In [1]:
import spacy

In [2]:
nlp = spacy.load('en_core_web_sm')

In [3]:
doc = nlp(u"This is the first sentence. This is another sentence. This is the last sentence.")

In [4]:
for sent in doc.sents:
    print(sent)

This is the first sentence.
This is another sentence.
This is the last sentence.


In [5]:
#we can look up tokens as doc[0] but we cant use doc.sents[0]..
#because doc.sents is not an object. rather it is a generator
#therefore to use/get the sentences we need to make a list of the doc.sents, then use indexing

In [6]:
sentences = list(doc.sents)

In [7]:
sentences

[This is the first sentence.,
 This is another sentence.,
 This is the last sentence.]

In [8]:
sentences[1]

This is another sentence.

In [9]:
type(sentences)

list

In [10]:
type(list(doc.sents)[0])

spacy.tokens.span.Span

In [11]:
#the doc.sents seperates/generates sentences based on full stop.
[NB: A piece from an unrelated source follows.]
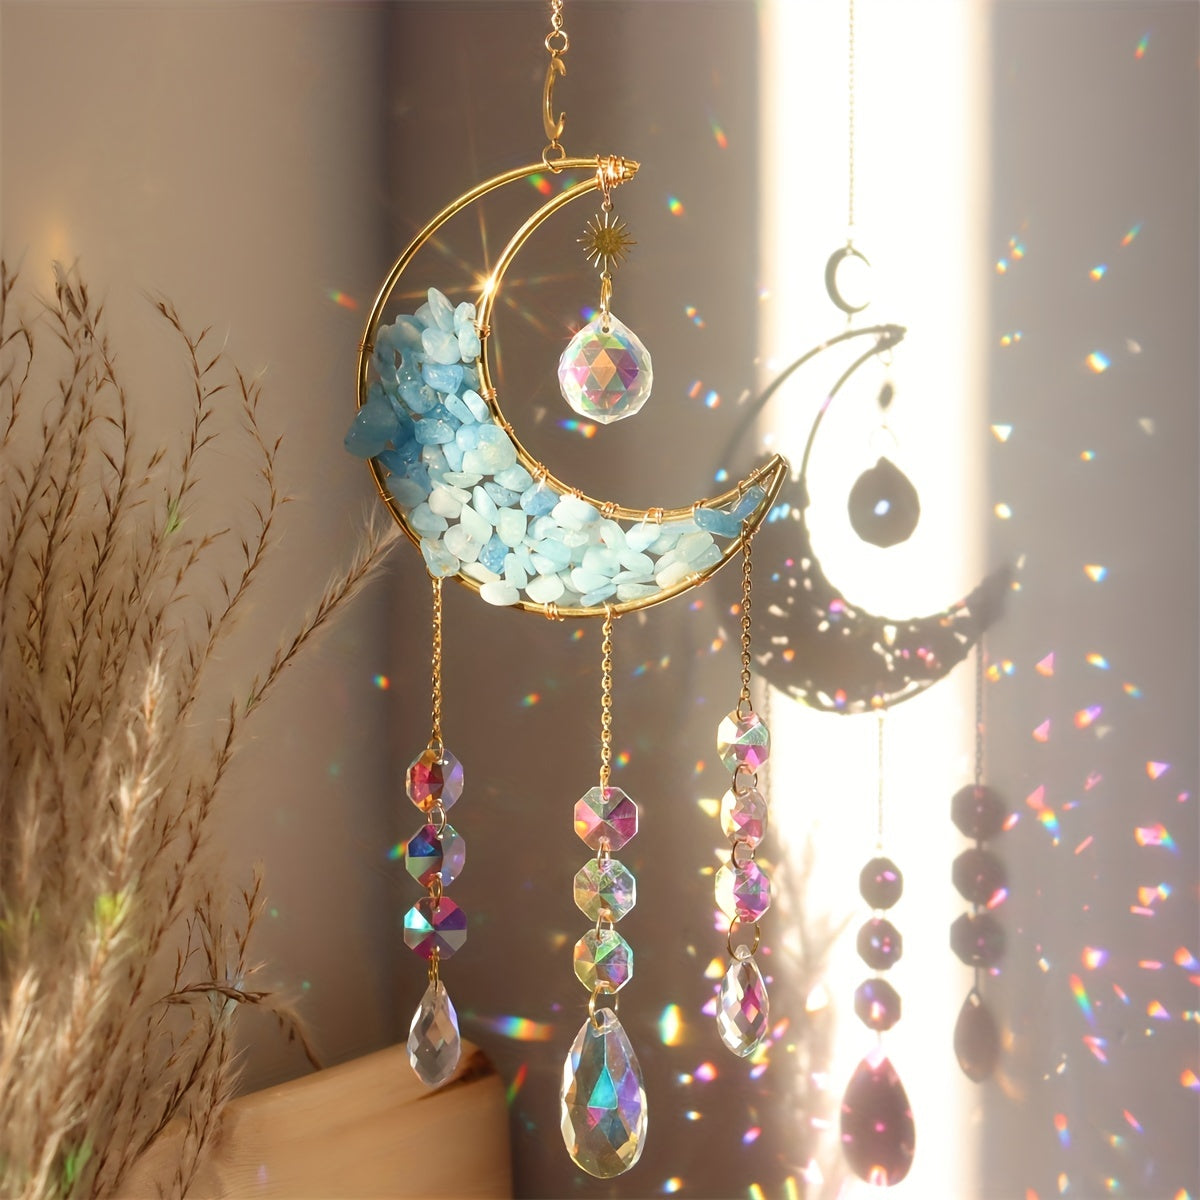 1pc Rainbow Maker Crystal Suncatcher - Enhance Your Home Decor with Aquamarine, Amethyst, and Obsidian - Perfect for Garden, Yard, Bedroom, Balcony, and Patio

But we can have a custom dataset
#where we want to seperate the sentences by ; or a :
#for that we need to write our own sentence seperator/our own custom rule

In [12]:
doc = nlp(u'"Management is doing the right things; leadership is doing the right things." -Peter Drucker')

In [13]:
doc.text

'"Management is doing the right things; leadership is doing the right things." -Peter Drucker'

In [14]:
for sent in doc.sents:
    print(sent)
    print('\n')

"Management is doing the right things; leadership is doing the right things."


-Peter Drucker




In [15]:
#ADD A SEGMENTATION RULE


In [16]:
def set_custom_boundaries(doc):
    for token in doc[:-1]:     #doc[:-1] takes all tokens from the start excluding the last one
                                 #token.i gives the index of that token
        if token.text == ';':
            doc[token.i+1].is_sent_start = True
    return doc

In [17]:
nlp.add_pipe(set_custom_boundaries, before = 'parser')
nlp.pipe_names

['tagger', 'set_custom_boundaries', 'parser', 'ner']

In [18]:
doc[:-1]

"Management is doing the right things; leadership is doing the right things." -Peter

In [19]:
doc4 = nlp(u'"Management is doing the right things; leadership is doing the right things." -Peter Drucker')

In [20]:
for sent in doc4.sents:
    print(sent)

"Management is doing the right things;
leadership is doing the right things."
-Peter Drucker


In [21]:
#CHANGE SEGMENTATION RULES

In [22]:
nlp = spacy.load('en_core_web_sm')

In [23]:
mystring = u"This is a sentence. This is another.\n\nThis is a \nthird sentence."

In [24]:
print(mystring)

This is a sentence. This is another.

This is a 
third sentence.


In [25]:
doc = nlp(mystring)

In [26]:
for sent in doc.sents:
    print(sent)

This is a sentence.
This is another.


This is a 
third sentence.


In [27]:
#to change the rules

from spacy.pipeline import SentenceSegmenter

In [28]:
def split_on_newlines(doc):
    start = 0
    seen_newline = False
    
    for token in doc:
        if seen_newline:
            yield doc[start:token.i]
            start = token.i
            seen_newline = False
        elif token.text.startswith('\n'):
            seen_newline = True
            
    yield doc[start:]
    

In [29]:
sbd = SentenceSegmenter(nlp.vocab, strategy=split_on_newlines)

In [30]:
nlp.add_pipe(sbd)

In [31]:
#we have to redefine the string on the new pipeline
doc = nlp(mystring)

In [32]:
for sent in doc.sents:
    print(sent)

This is a sentence. This is another.


This is a 

third sentence.